This question is information regarding the effects of colliod cyst size and when to remove. My wife had a 5.5 mm colloid cyst in the third ventricle removed 5/22/09 at a hospital in Georgia "too small to possibly cause symptoms." The discussion of the size of the cyst alone required to cause problems by obstructing a duct is meaningless without the size of the passageway in which it resides included. The relevant issue is the clearance or lack thereof between the two. This missed fact almost caused her death four days prior to the surgery. A peanut in a fire hose has little effect in flow blockage compared to same in a straw.
What saved her life was the chief neurologist, who had had enough, recalling the neurosurgery team (having previously dismissed the case based on the same type of assumptions present in this forum), to require data supporting their assumptions. In the end analysis the symptoms in this case were strong enough to give confidence to the diagnosis that surgery was indeed needed.
The seating of the cyst in the ventricle duct normally occurs when the patient is vertical, acting like a small ball check valve positioned by gravity. The classic symptoms are severe headached relieved to some degree by lying down ("positional component"). The patient normally shows the back of the neck as the source, the focal point on either side (including swelling), painful to the touch. The cyst blockage of fluid causes fluid pressure in the cranium to drop, and the brain ----- normally floating like a sponge in a fishbowl ----- actually lowers and repositions in the cranium, causing the terrific pain, and in my wife's case, tremors and motor impairment.

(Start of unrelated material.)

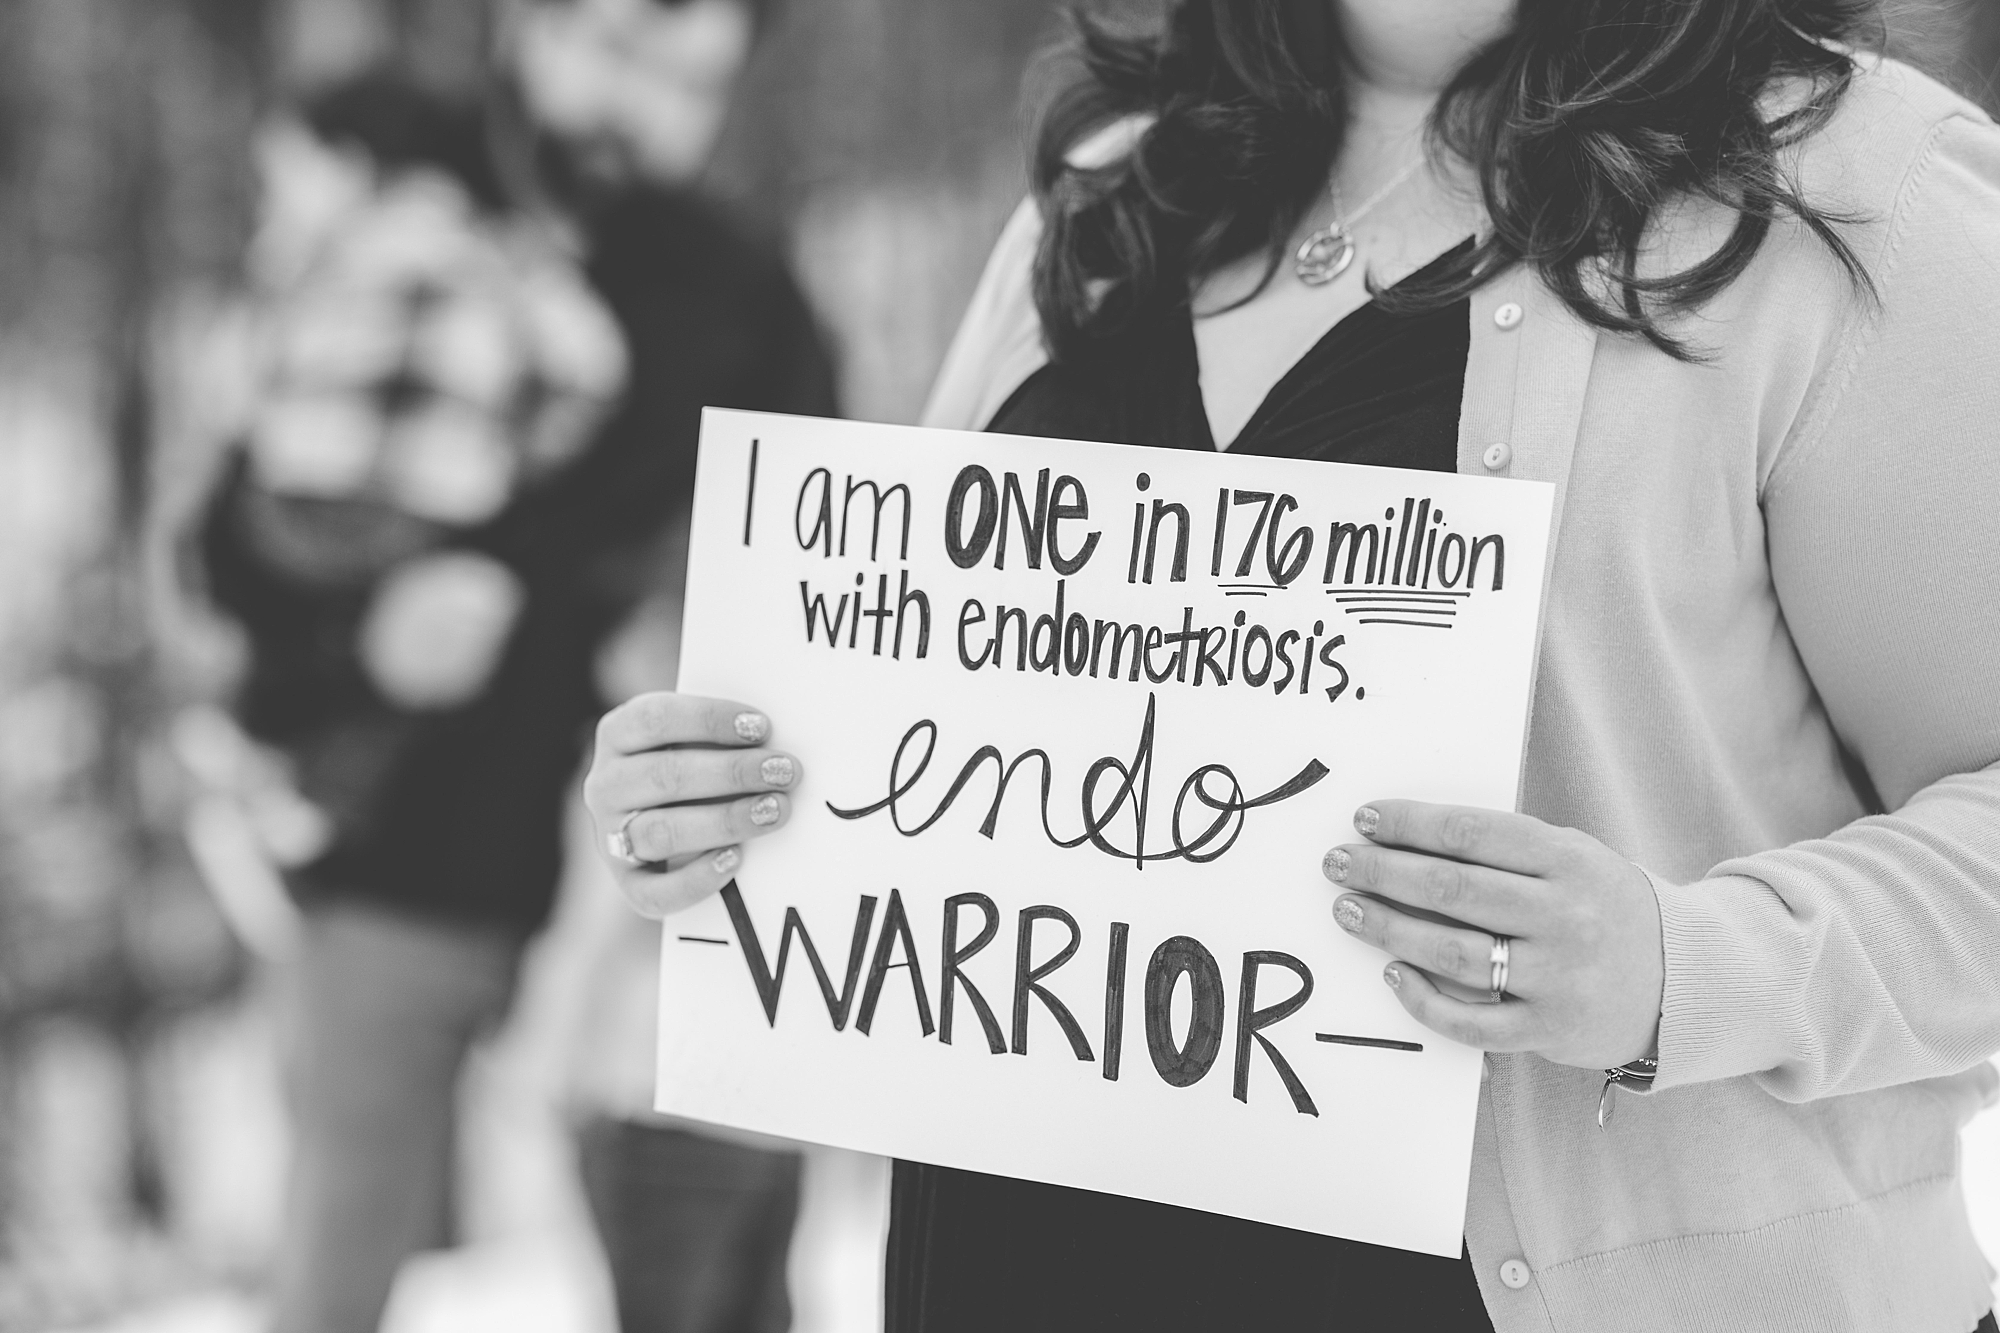 woman holds black and white sign that says "I am one in 176 million with Endometriosis"

MRI's are of little use beyond detection of cyst presense because they are performed in the horizontal position, and as a result does not show the cyst blocking the channel. The only person an MRI would show blockage of the channel on would therefore be a corpse: the patient dies if complete blockage occurs. The 5.5 mm cyst in my wife's case was confirmed to completely close off the ventricle by sitting her up during surgery after the a clear view was established before the cyst was removed.
There ARE are a handful of vertical MRI machines available in the US: a new tool first introduced in 1999.